撂倒了几个恶奴,采薇轻轻的活动了了一下手腕,转过身,看着刚刚跟几个家丁撕打过的周婶儿,关心的问道:“婶子,你没事儿吧?”
周婶愣愣的看着采薇,茫然的摇摇头,似乎还没有从采薇刚刚带给她的震惊中苏醒过来。
“周叔呢?有没有被伤着了?”
采薇的目光从周婶儿的身上转向了一脸呆滞的周老五。
周老五也摇摇头,讷讷的挤出俩字儿:“没事儿!”
最后,采薇把目光投向了九斤。
“你呢?”她问。
刚刚,就属他打的最凶、最狠,平时恁般憨厚老实的一个少年,打起仗来却像一头红了眼睛的狮子一般,狠戾的让人咂舌,一根门栓儿打破了几个人的脑袋,还尤不解气的接着打,若不是她及时出手,这会儿一准儿有好几个人脑袋开瓢儿了!
九斤抹了一把嘴角上的血迹,敛下眉眼:“我也没事儿。
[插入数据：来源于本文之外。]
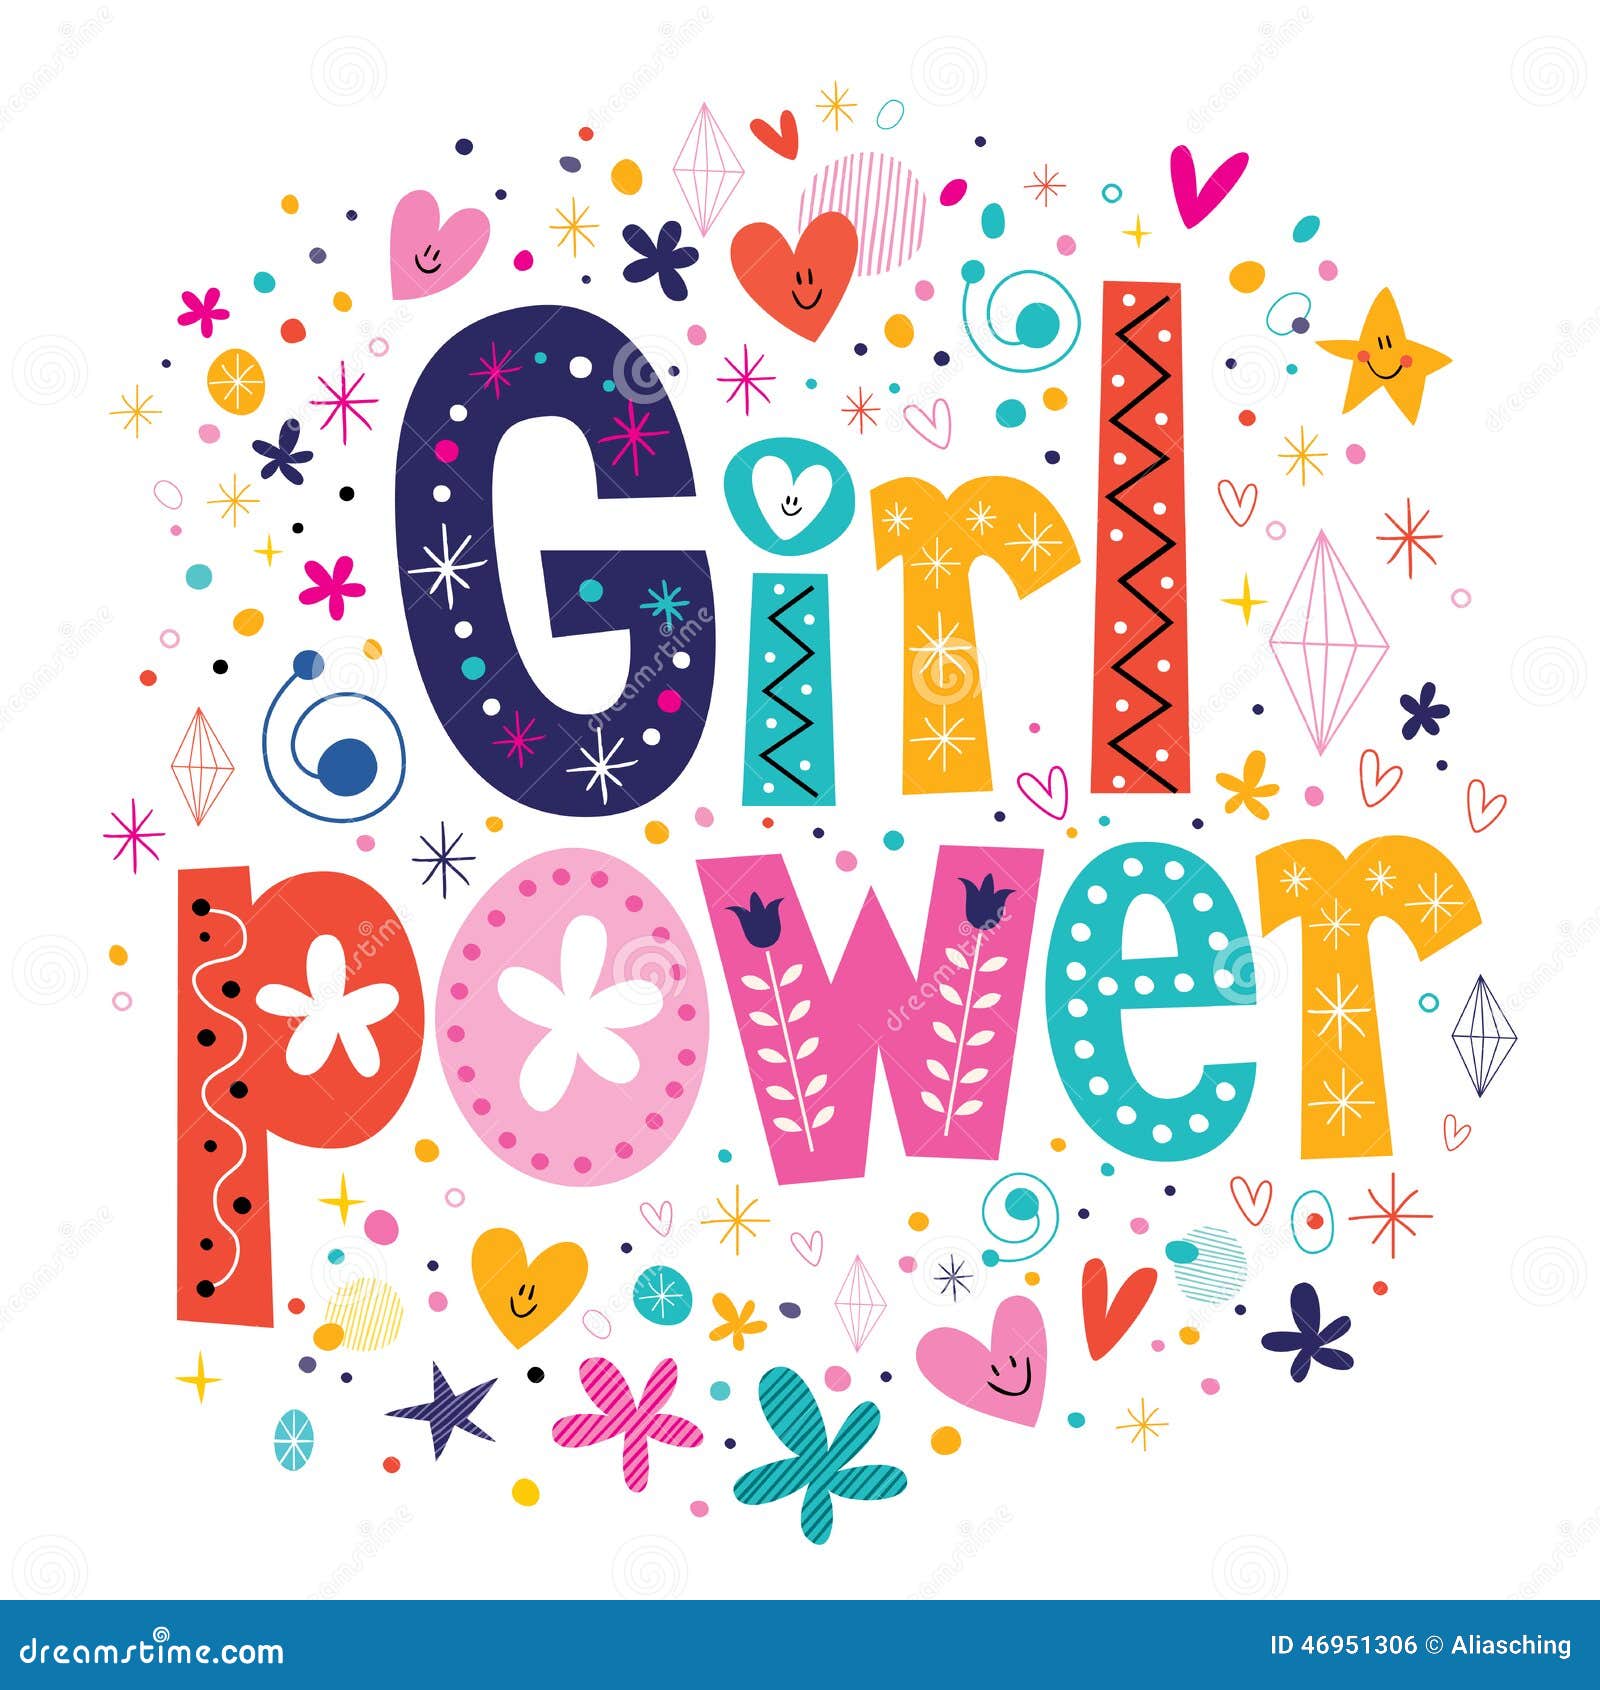 girl power clipart - photo #4

”
正要避开她清澈的目光,却忽然瞥见了那张小脸儿上的一片青紫,已经肿起来了,少年的心顿时揪了起来。
“你的脸咋了?是不是刚才被他们打的?”
九斤大踏步的走过来,垂头看着采薇高高肿起的脸,眼中的疼惜溢于言表。
采薇摸了摸自己肿起的小脸儿,这是刚刚被天机子的人头给撞的,刚撞完时,整张脸肿的像个大馒头,牙龈都出血了,在老乌龟的炼丹房里擦了不少些消肿祛瘀的药,才好了些,但因撞得太重,所以,即便是有老乌龟的仙药,自己的脸依然肿的得很厉害,怕是明天早上得肿的更吓人!
“是这是我刚刚出去散步时,不小心滑倒摔的!”
采薇对脸上的伤解释了一下,顺便为自己刚刚不在家找了个借口。
“哎呀,快让婶子瞅瞅,咋摔这么重呢?”
周婶子也发现采薇脸上的青肿了,急忙走过来,捧着采薇的脸蛋端详起来,心疼的直皱眉头。
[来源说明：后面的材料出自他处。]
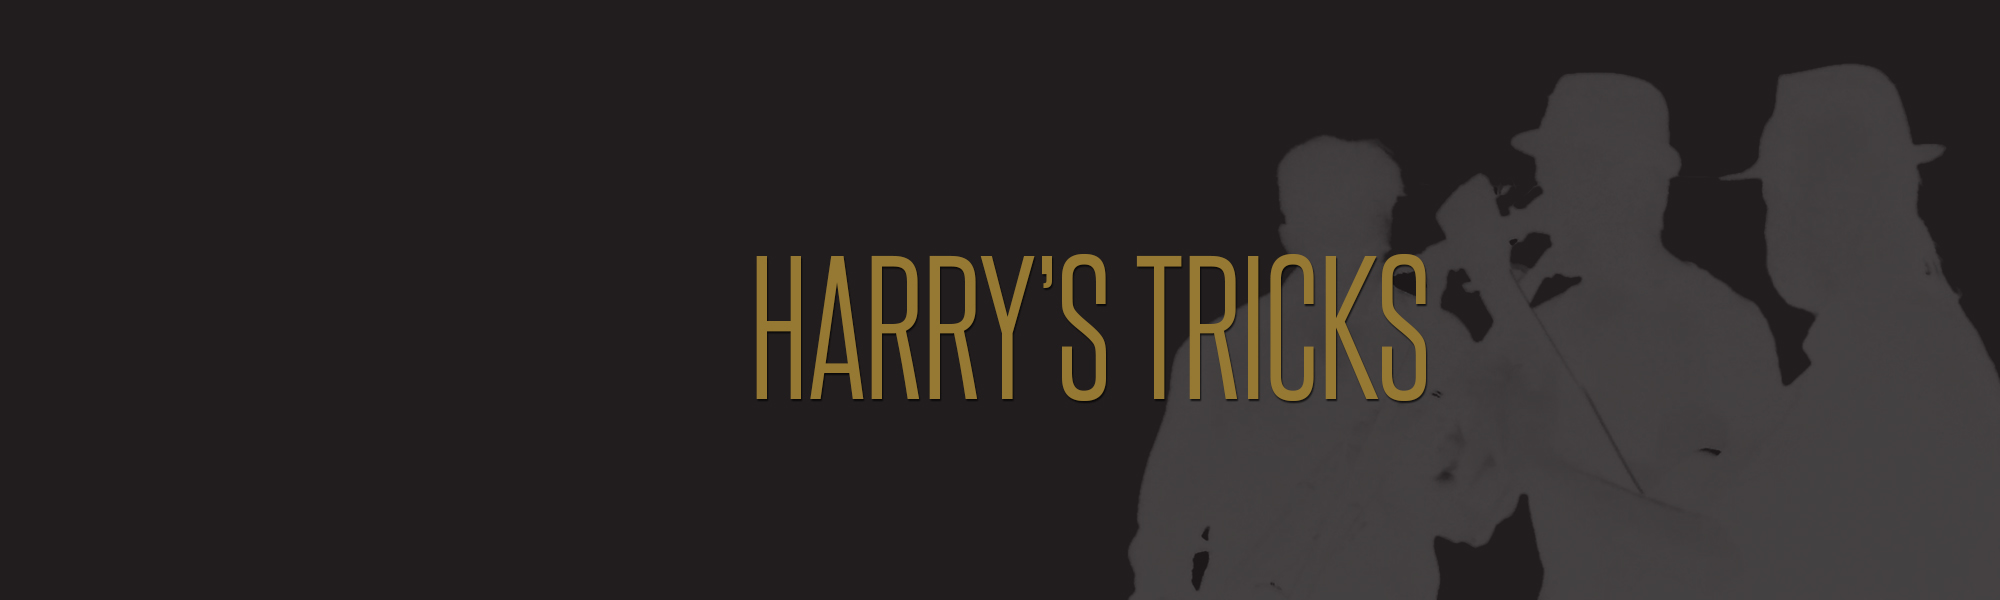 Harry's Tricks

采薇见到周婶子心疼不已的样子,急忙开口安慰她说:“婶子不用担心,我已经不疼了!”
周叔瞪着缩在墙角的于氏一眼,气哼哼的说:“你也听到了,薇姐刚刚是出去散步了,根本就不是去你家放火,以后少血口喷人,胡乱攀咬!”
于氏已经从最初的震惊中缓转过来,听到周叔的话,不禁冷笑起来:“三更半夜的,哪有一个女儿家会出门去散步?这话说给鬼听,鬼都不会相信,众位高邻,你们信吗?”
这会儿,采薇家周围的邻居们早已被剧烈的打斗声和律家家丁们的惨叫声给吵醒了,大家都秉承着不放过任何八卦的娱乐精神,都迅速的起床穿戴好,赶出来看热闹。
听到于氏的发问,邻居们都嘿然无语,谁都不想得罪人,所以谁都没有开口。
但是,大家的心理却都偏向了于氏的一方,是呀,一个未出阁的女儿家,怎会三更半夜的出去散步呢,这个解释,的确让人无法心信服,不过,事不关己高高挂起,这丫头既然敢放火烧了律家,就一定不是好惹的,大家还是管好自己的嘴,看热闹为妙。
于氏见无人回应她,正不知该如何是好,忽然听到一阵杂乱的脚步声传来,随之而来的,还有几声不耐烦的吆喝。
“让开——让开——怎么回事儿?
吆喝声后,看热闹的人群被扒拉开一个大豁子,只见当地的里正于万福领着几个兵丁,一脸官威的走了过来。
于氏一见到里正,立刻像见到救星似的迎上前去,指着采薇叫道:“于里正,你来的正好,快把这纵火杀人、当街行凶的贼人拿了,我家相公,刚刚被这贱人给活活烧死了!”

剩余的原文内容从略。